Insitekaltim, Samarinda – Wali Kota Samarinda Andi Harun memberikan penjelasan terkait sikap Pemerintah Kota (Pemkot) Samarinda yang mengajukan dissenting opinion dalam Rapat Umum Pemegang Saham (RUPS) Bankaltimtara yang digelar pada 23 April 2026.
Ia menegaskan, perbedaan pendapat tersebut disampaikan sebagai bentuk tanggung jawab dalam memastikan tata kelola bank daerah berjalan sesuai prinsip kehati-hatian dan aturan yang berlaku.
Menurutnya, salah satu poin yang menjadi perhatian adalah keputusan pemberhentian jajaran direksi lama yang dilakukan sebelum masa jabatan berakhir.
Ia menilai, keputusan tersebut perlu didukung dengan dasar yang jelas dan terukur.
“Bukan berarti kami menolak kewenangan RUPS, tetapi kami ingin keputusan yang diambil memiliki dasar yang kuat, baik secara logika maupun aturan hukum,” ujarnya kepada awak media di Balai Kota Samarinda, Kamis 30 April 2026.
Ia menilai jika laporan pertanggungjawaban direksi sebelumnya telah diterima, maka publik berhak mengetahui alasan kuat di balik kebijakan pemberhentian tersebut.
Selain itu, proses seleksi calon komisaris, khususnya terkait pentingnya kejelasan status hukum para calon.

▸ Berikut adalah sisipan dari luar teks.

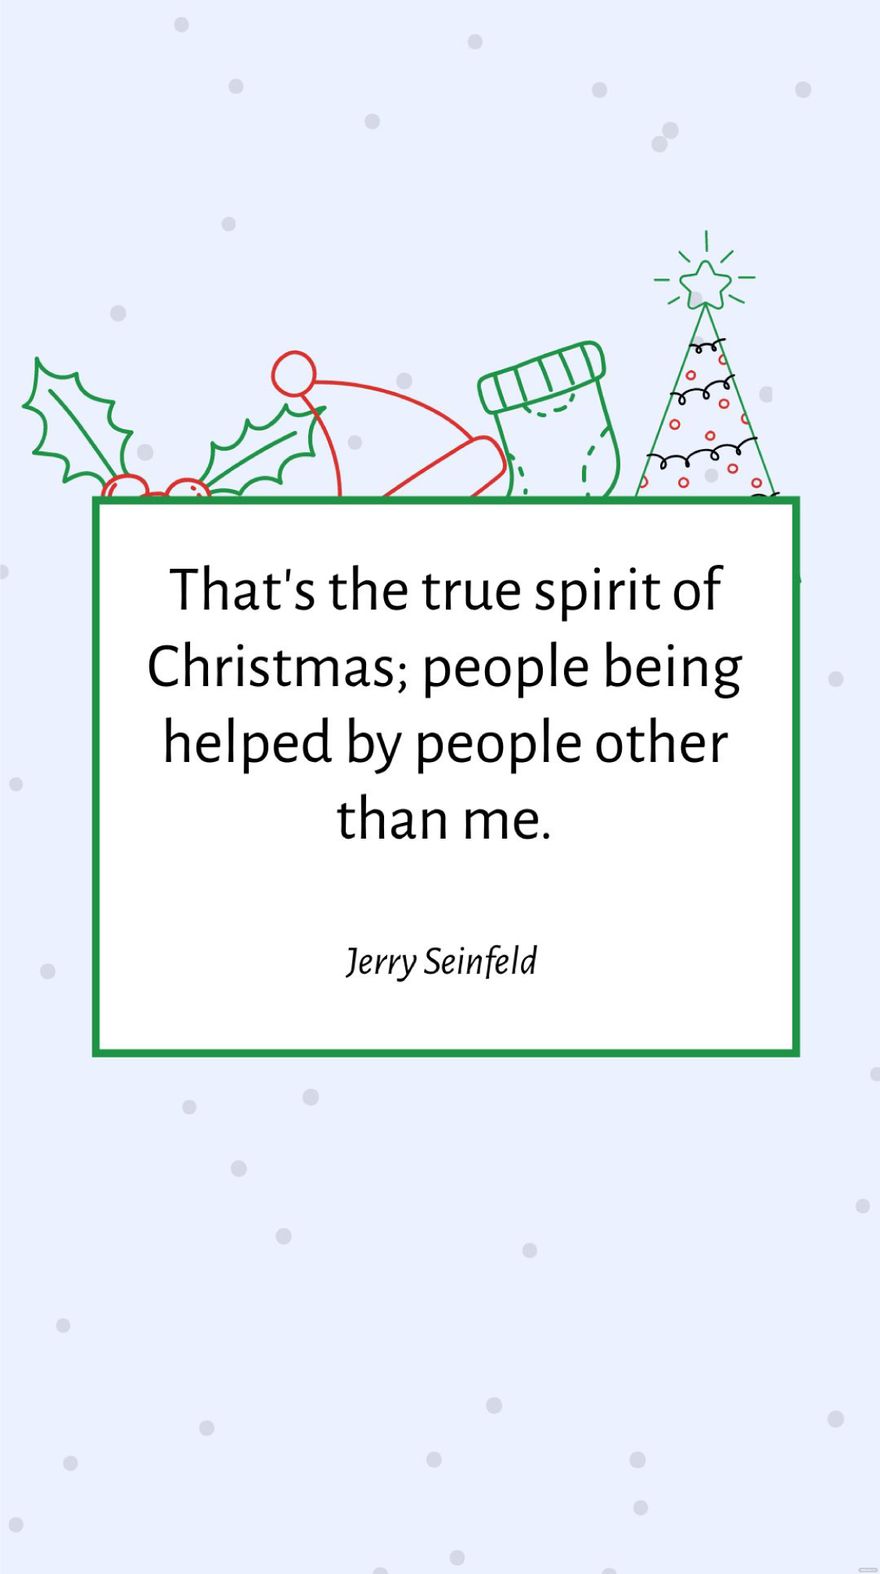 Free Jerry Seinfeld - That's the true spirit of Christmas; people being helped by people other than me. in JPG

Ia menekankan, seluruh proses harus didukung oleh dokumen resmi dari lembaga berwenang.
“Prinsipnya harus clear and clean. Informasi yang digunakan harus bersifat resmi agar tidak menimbulkan persoalan di kemudian hari,” tegasnya.
Dalam kesempatan itu, ia juga meluruskan isu yang beredar mengenai kehadiran Gubernur Kalimantan Utara (Kaltara) dalam RUPS. Ia menyebut, tidak ada aksi walk out, melainkan izin meninggalkan rapat lebih awal karena agenda lain.
Lebih lanjut, ia menyadari posisi Pemkot Samarinda sebagai pemegang saham minoritas. Meski demikian, ia menegaskan bahwa penyampaian dissenting opinion merupakan hak yang dijamin dalam mekanisme RUPS.
“Keputusan tetap mengikat, termasuk bagi kami yang berbeda pendapat. Namun, ini penting sebagai catatan bahwa keputusan tidak diambil secara bulat,” jelasnya.
Ia berharap masukan yang disampaikan dapat menjadi bahan evaluasi untuk memperkuat tata kelola serta menjaga kepercayaan publik terhadap bank daerah tersebut ke depan.